◆ **Excerpts from a dataset**:

- - -

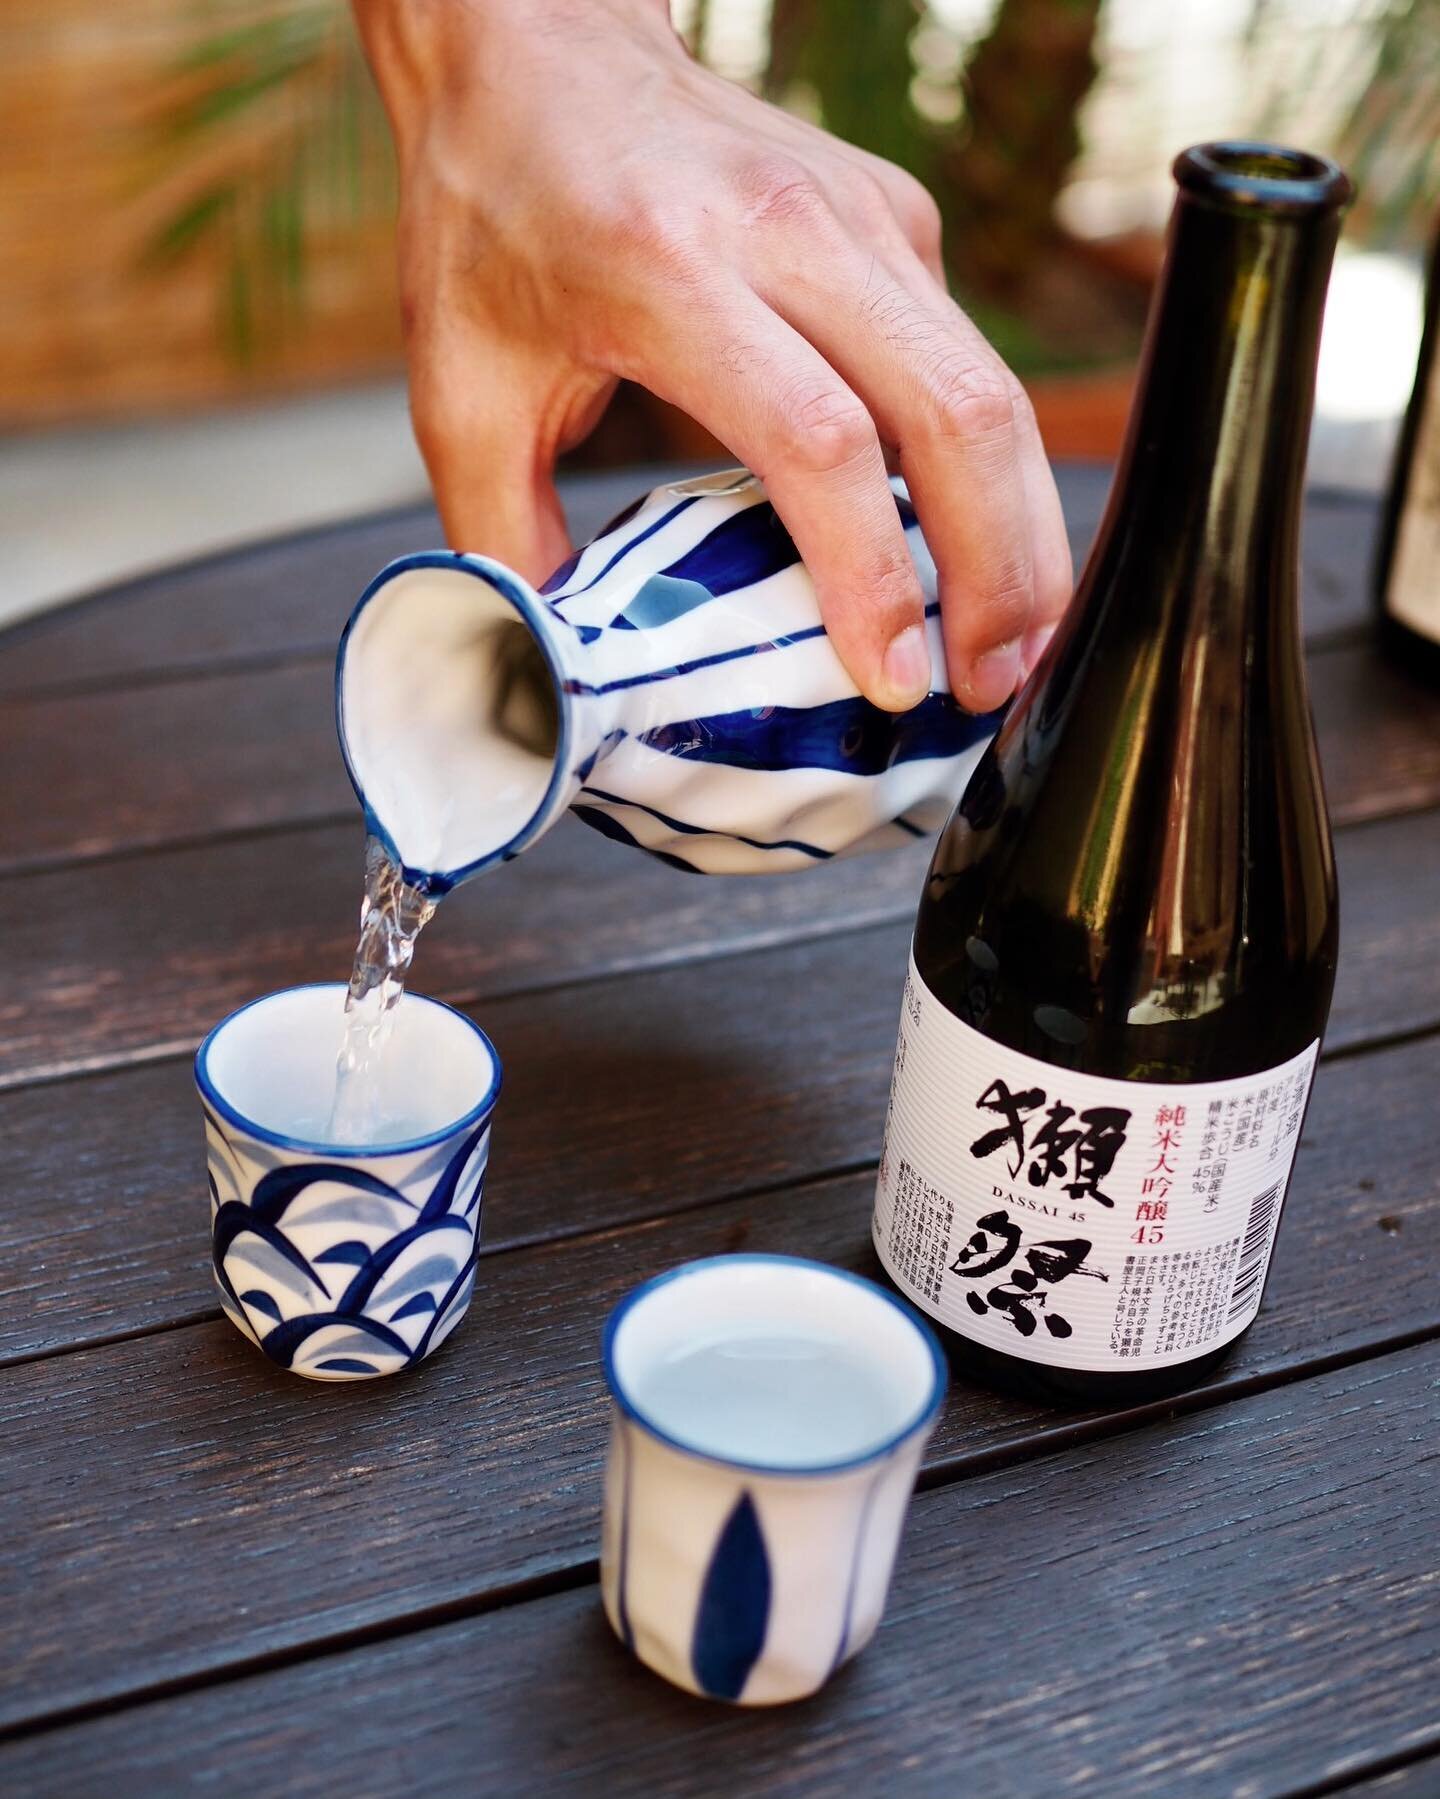 Dassai Junmai Dai-Ginjo - This sake is known for its high quality while tasting smooth and fruity. Whether you enjoy drinking sake or it&rsquo;s your first time trying it, Dassai makes for a good choice that is easy to drink.

We have a variety of sa
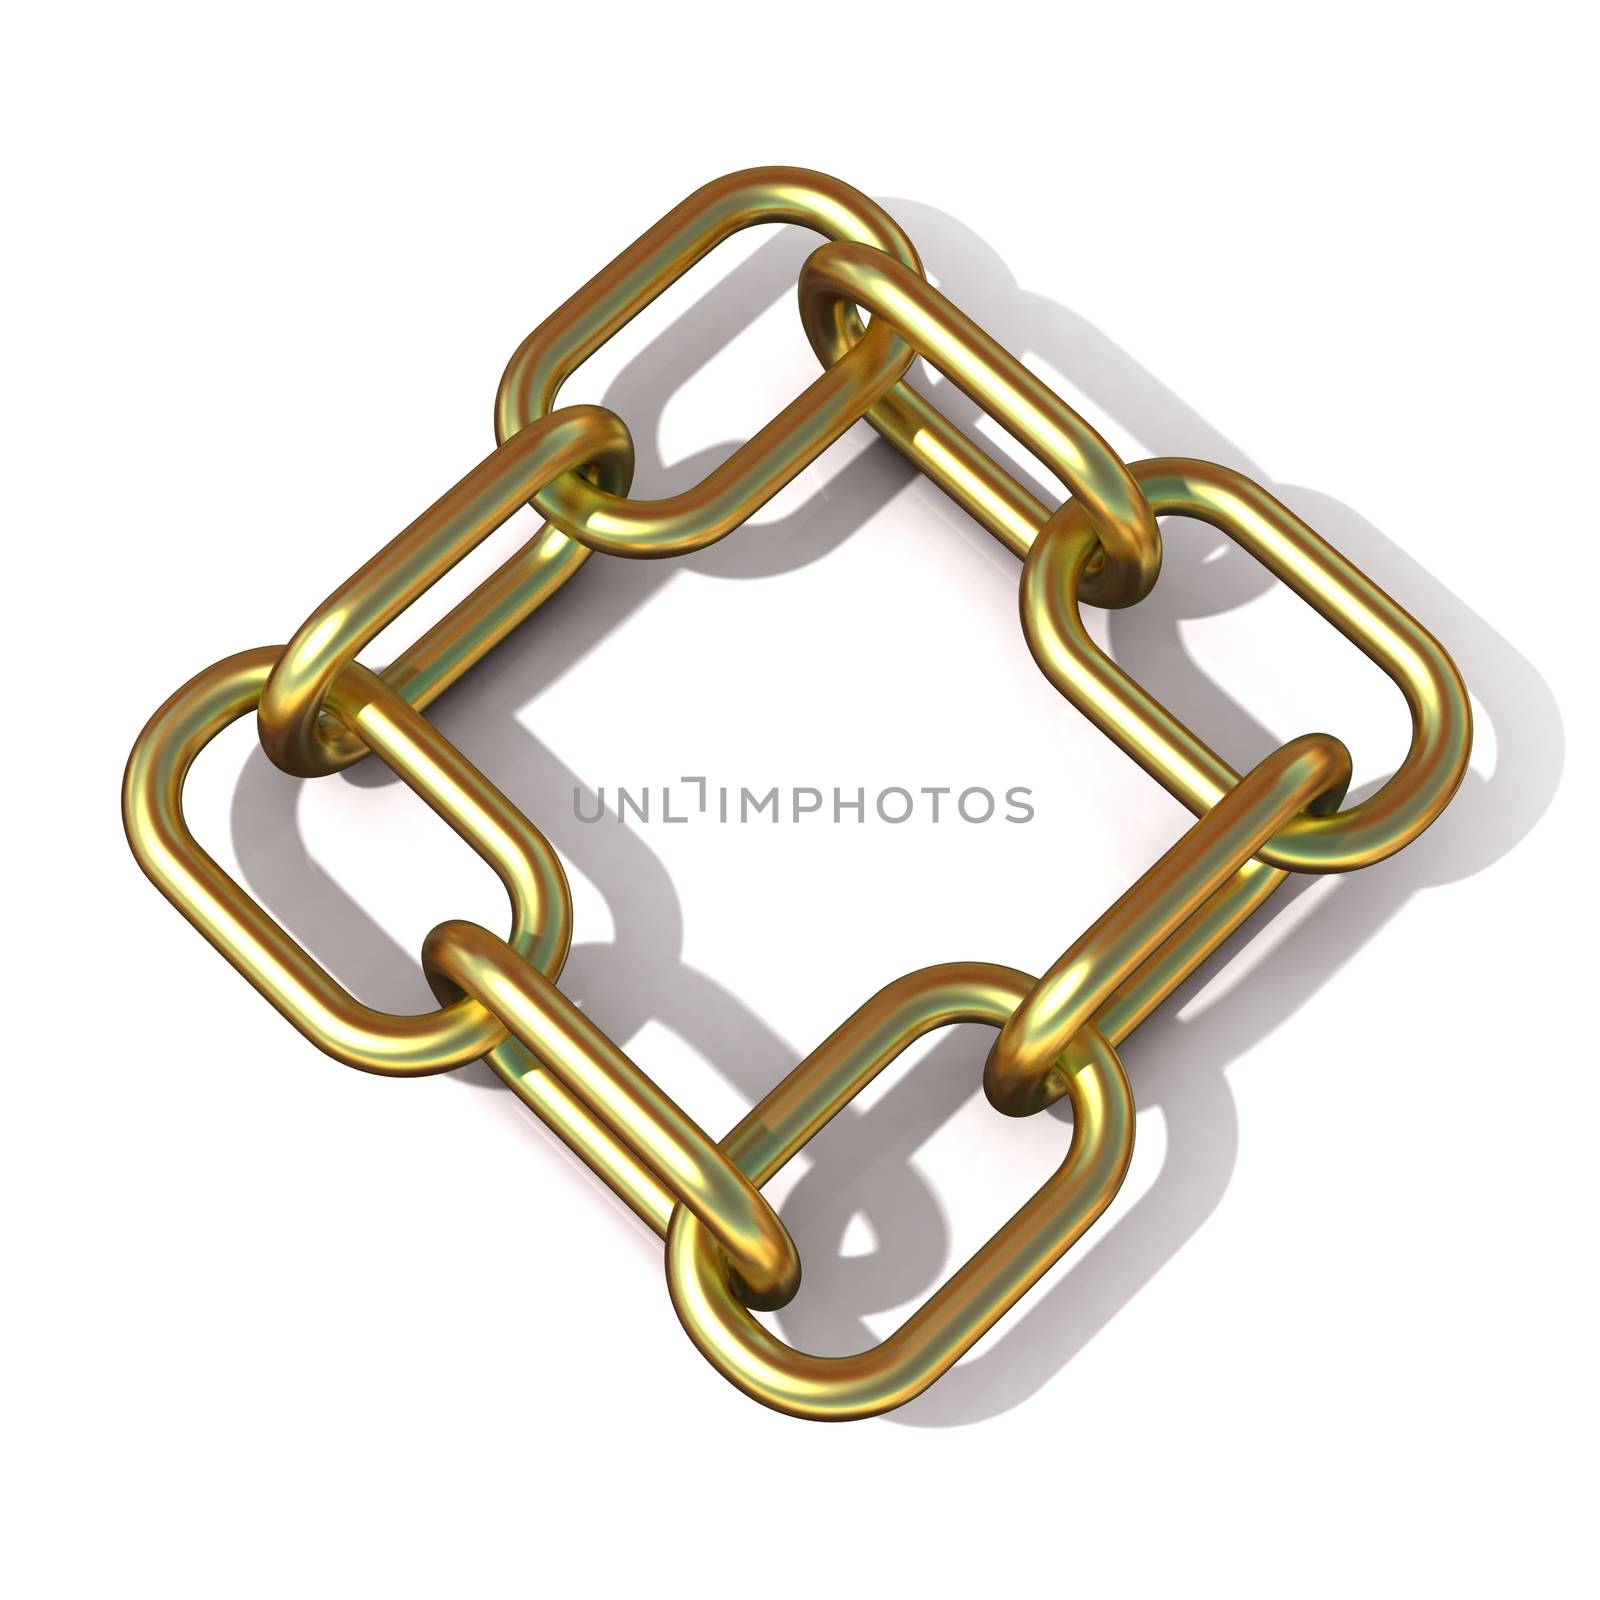 Abstract 3D illustration of a brass chain link isolated on white background. Top view
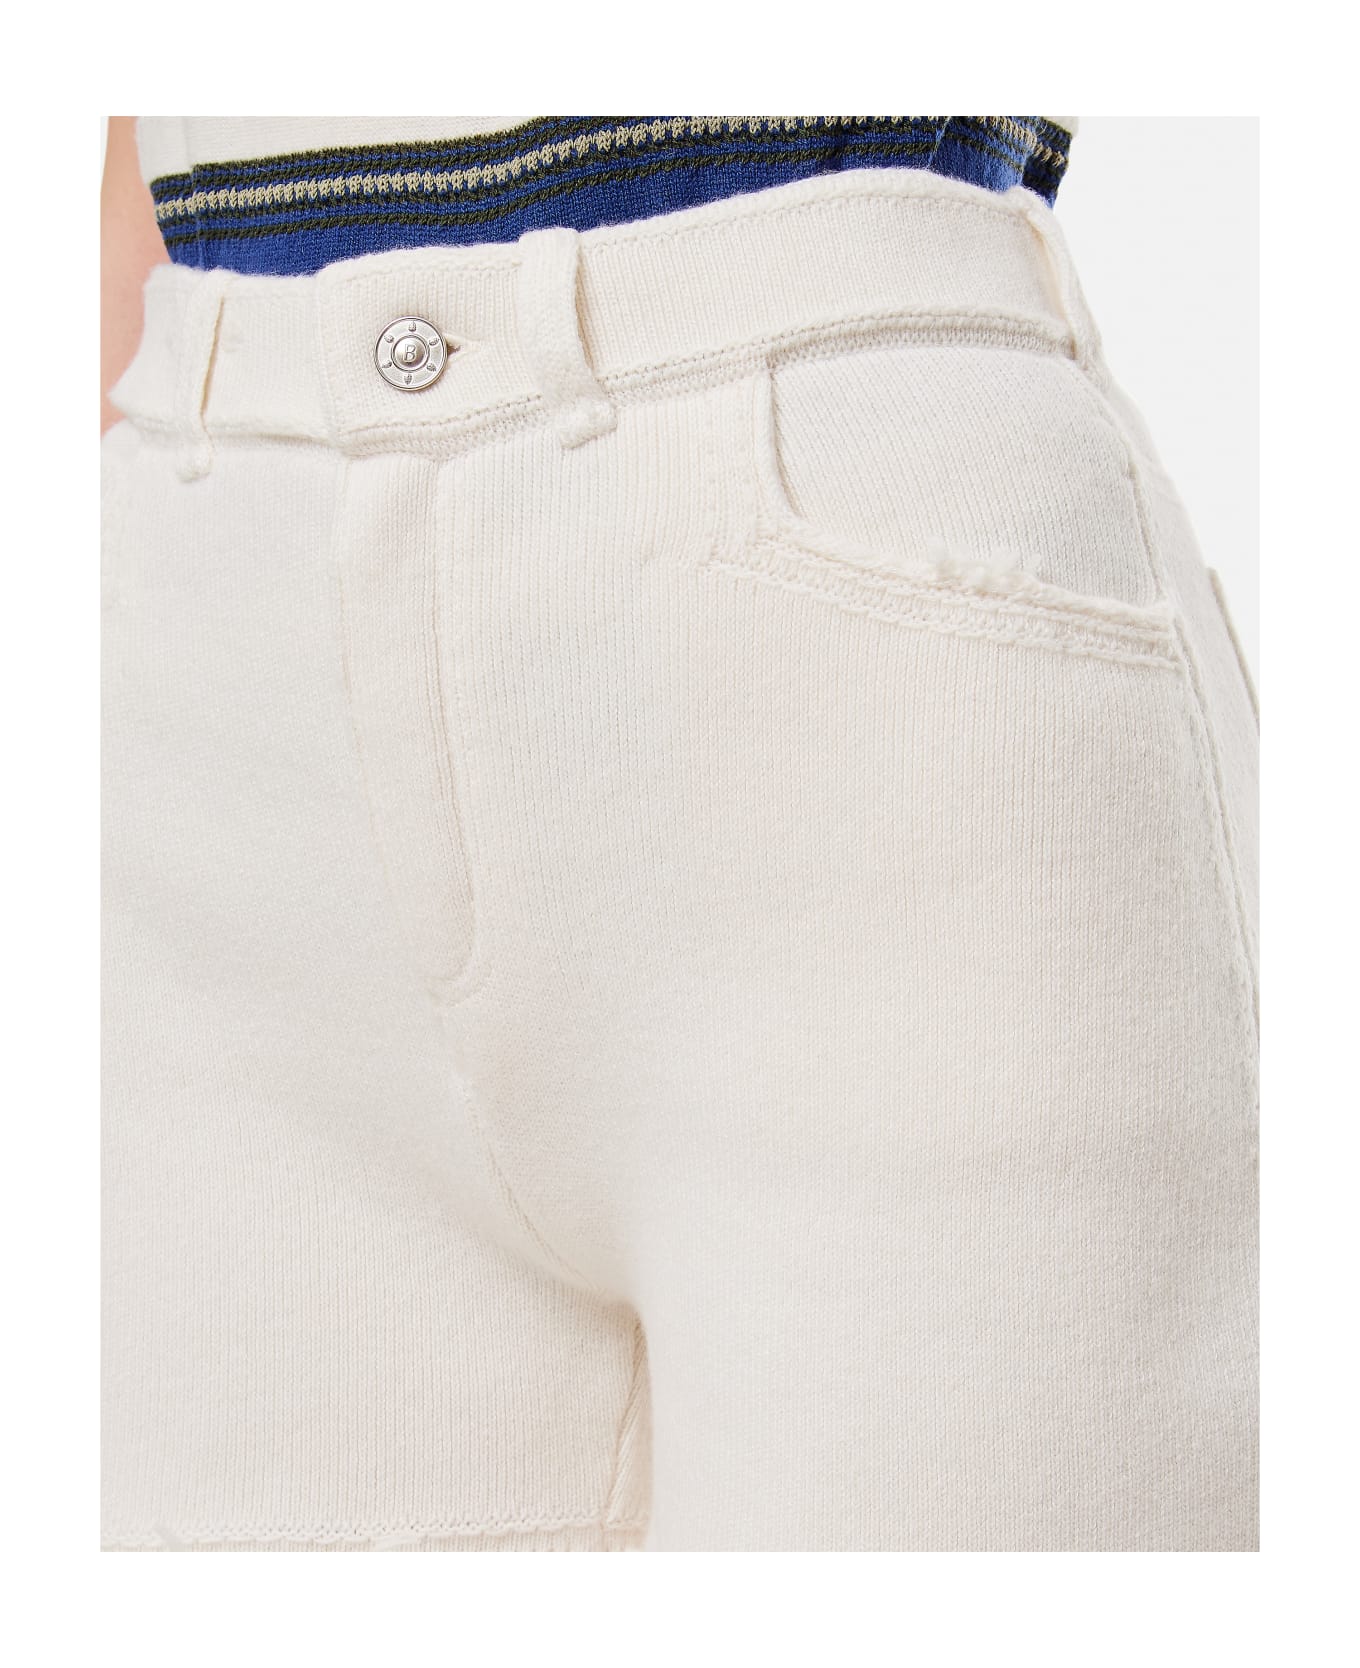 Barrie Cashmere Shorts - White
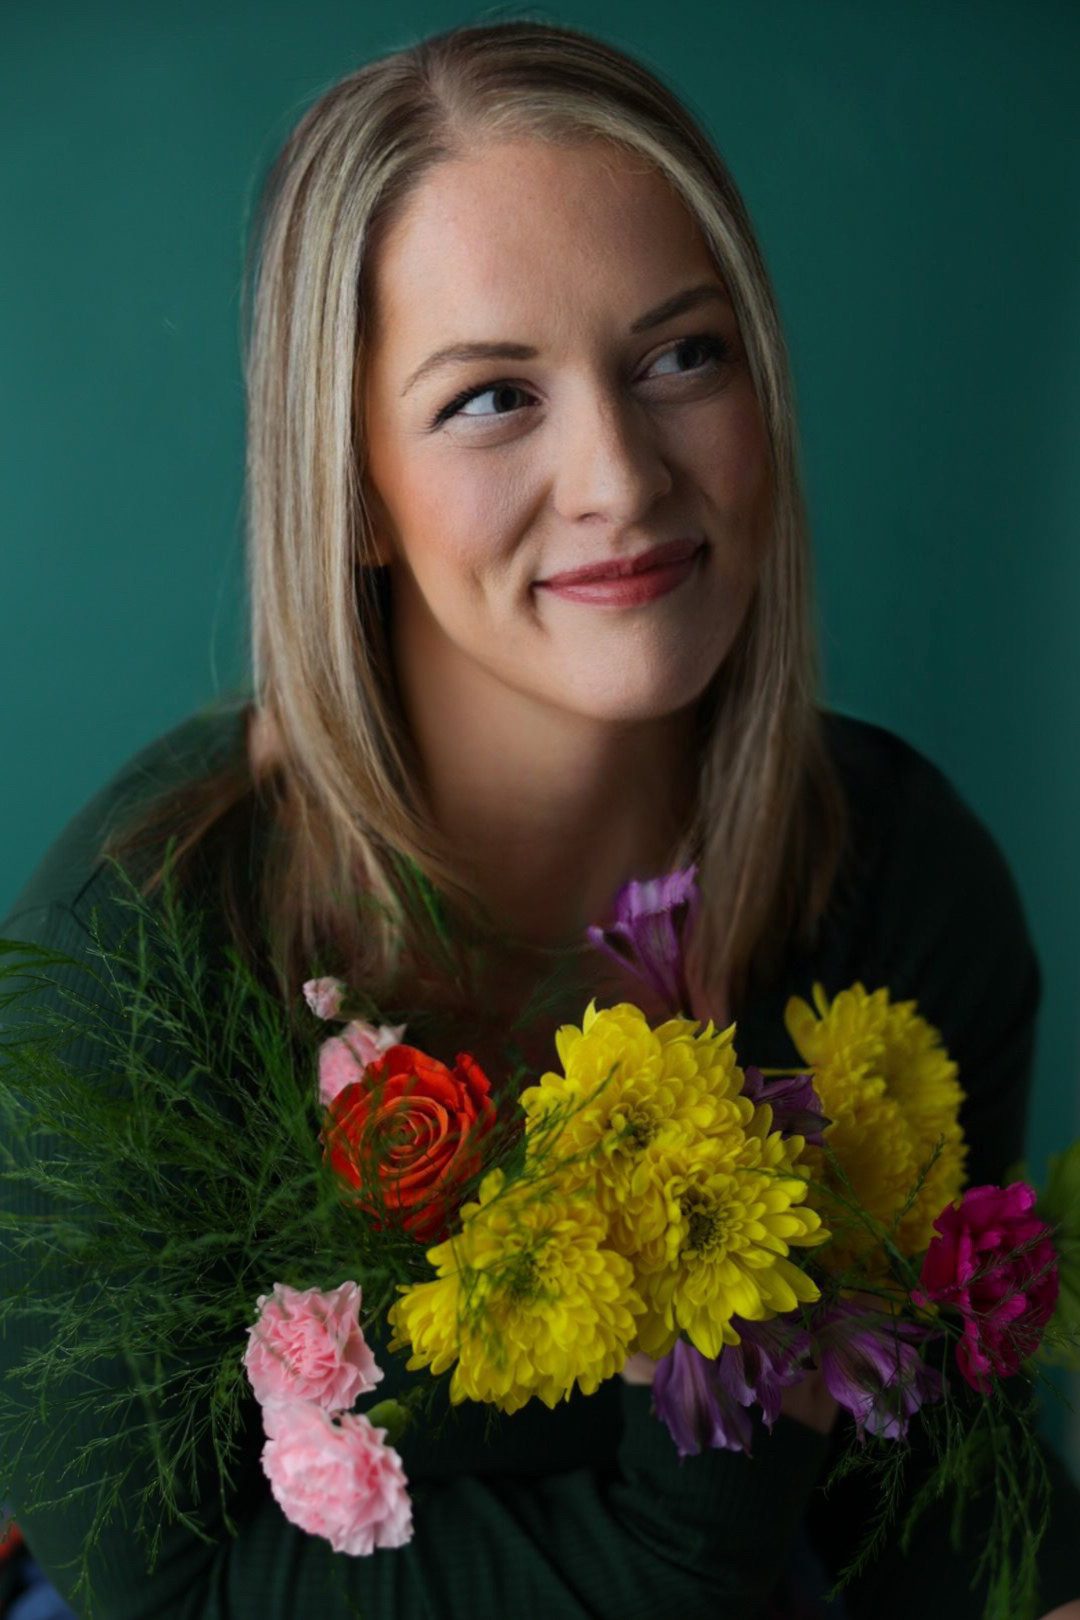 Portrait of Ashley, a professional photographer, gazing thoughtfully to the side, with a bouquet of vibrant flowers.

- - -

◆ **Work instruction**:
Print verbatim every line above, apart from the pictures.

◆ **Task output**:
 Dassai Junmai Dai-Ginjo - This sake is known for its high quality while tasting smooth and fruity. Whether you enjoy drinking sake or it&rsquo;s your first time trying it, Dassai makes for a good choice that is easy to drink.

We have a variety of sa
 Abstract 3D illustration of a brass chain link isolated on white background. Top view
 Barrie Cashmere Shorts - White
 Portrait of Ashley, a professional photographer, gazing thoughtfully to the side, with a bouquet of vibrant flowers.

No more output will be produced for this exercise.